---------- RECORDED INFORMATION ----------

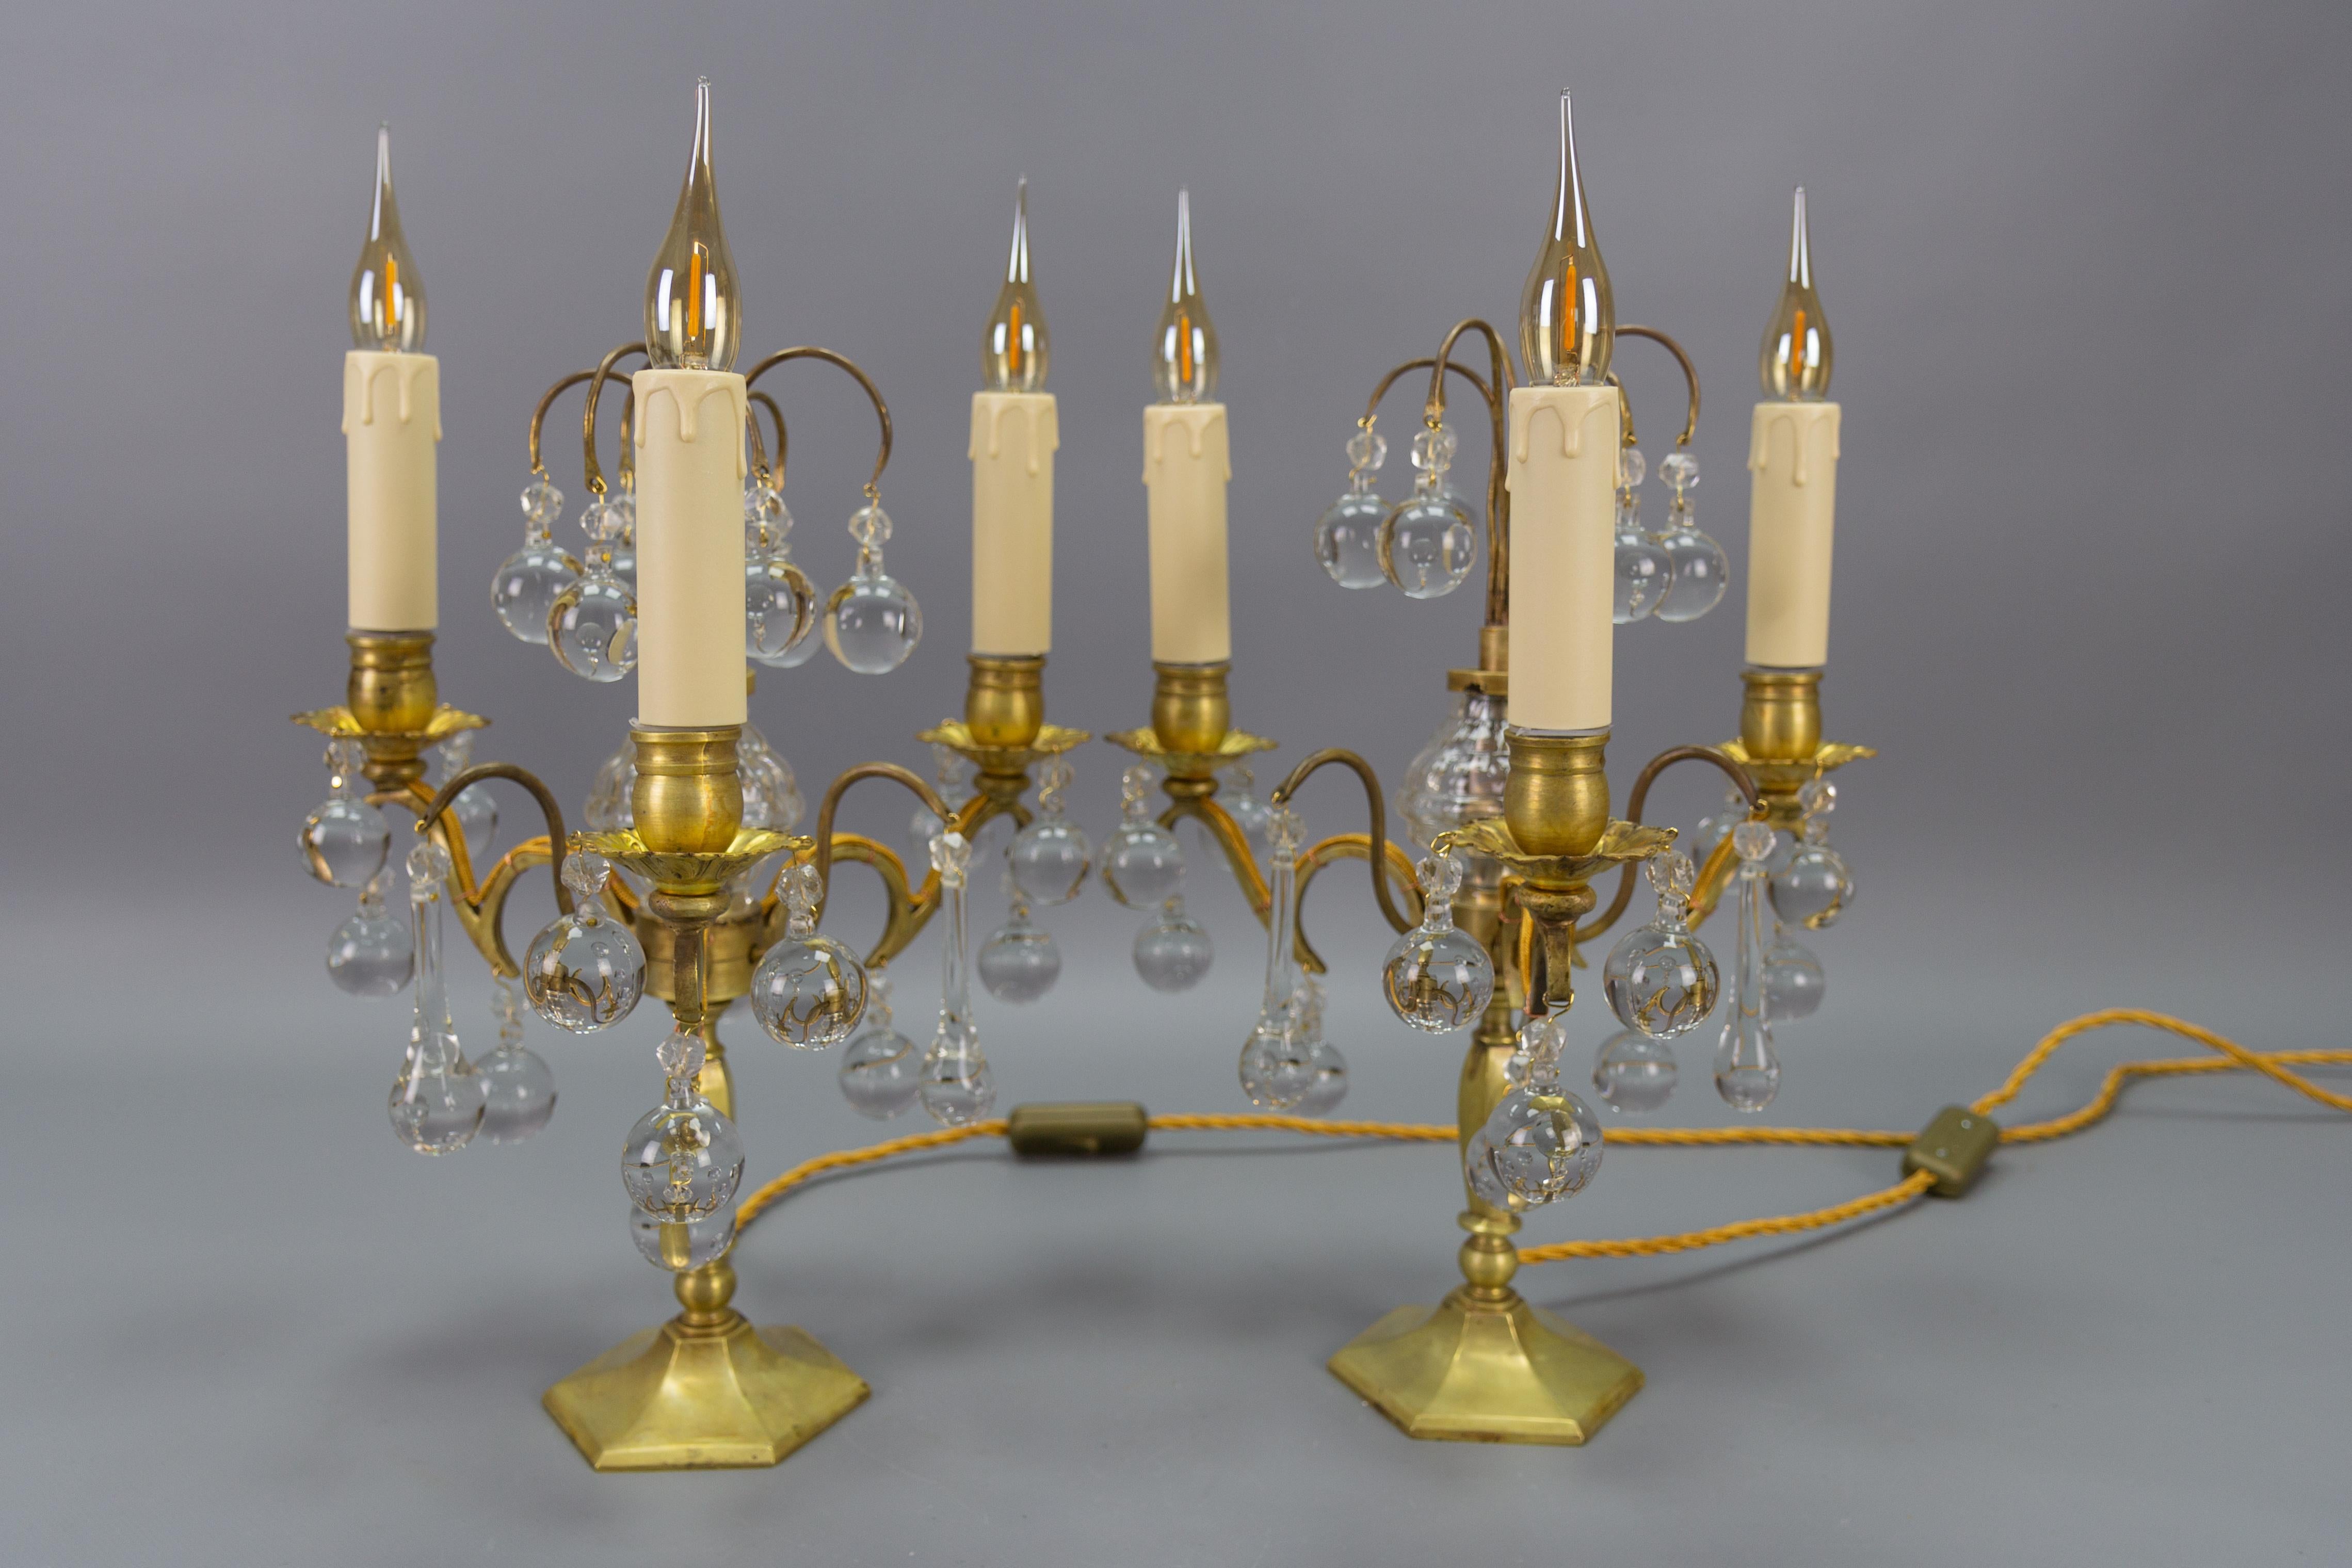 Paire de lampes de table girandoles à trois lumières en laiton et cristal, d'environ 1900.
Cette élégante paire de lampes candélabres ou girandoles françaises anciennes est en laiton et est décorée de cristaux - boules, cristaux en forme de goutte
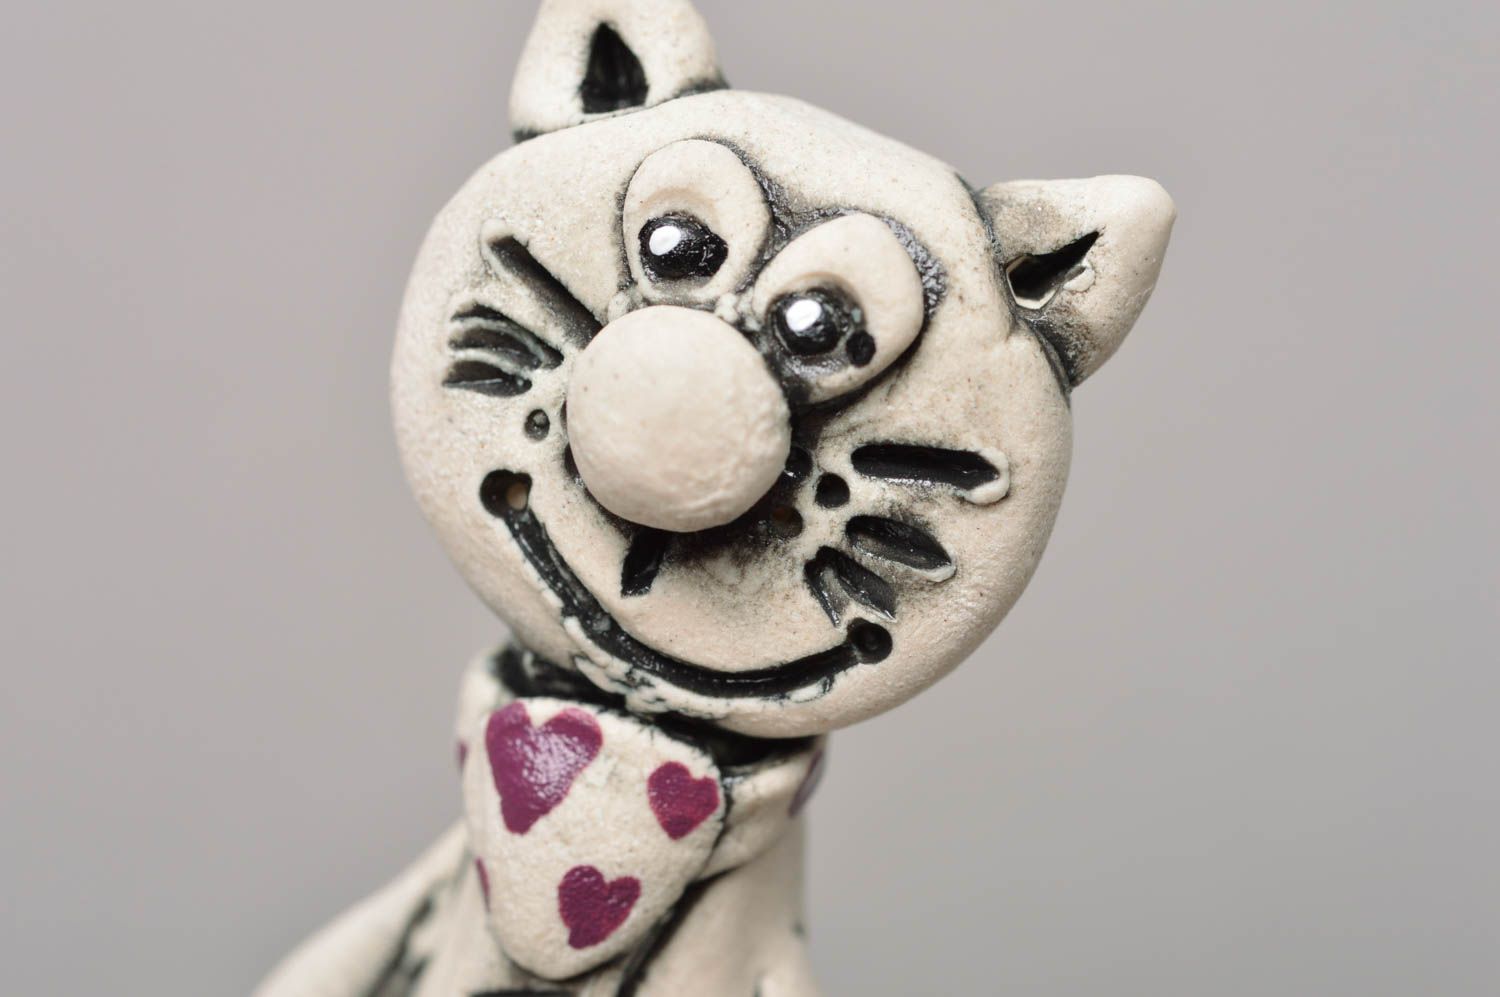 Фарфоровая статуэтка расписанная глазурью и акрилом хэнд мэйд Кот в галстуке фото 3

----------

EXERCISE INSTRUCTIONS:
Everything in the material above should be reproduced exactly, except the pictures.

SOLUTION FOR THIS TASK:
 Paire de lampes de table girandoles à trois lumières en laiton et cristal, d'environ 1900.
Cette élégante paire de lampes candélabres ou girandoles françaises anciennes est en laiton et est décorée de cristaux - boules, cristaux en forme de goutte
 Фарфоровая статуэтка расписанная глазурью и акрилом хэнд мэйд Кот в галстуке фото 3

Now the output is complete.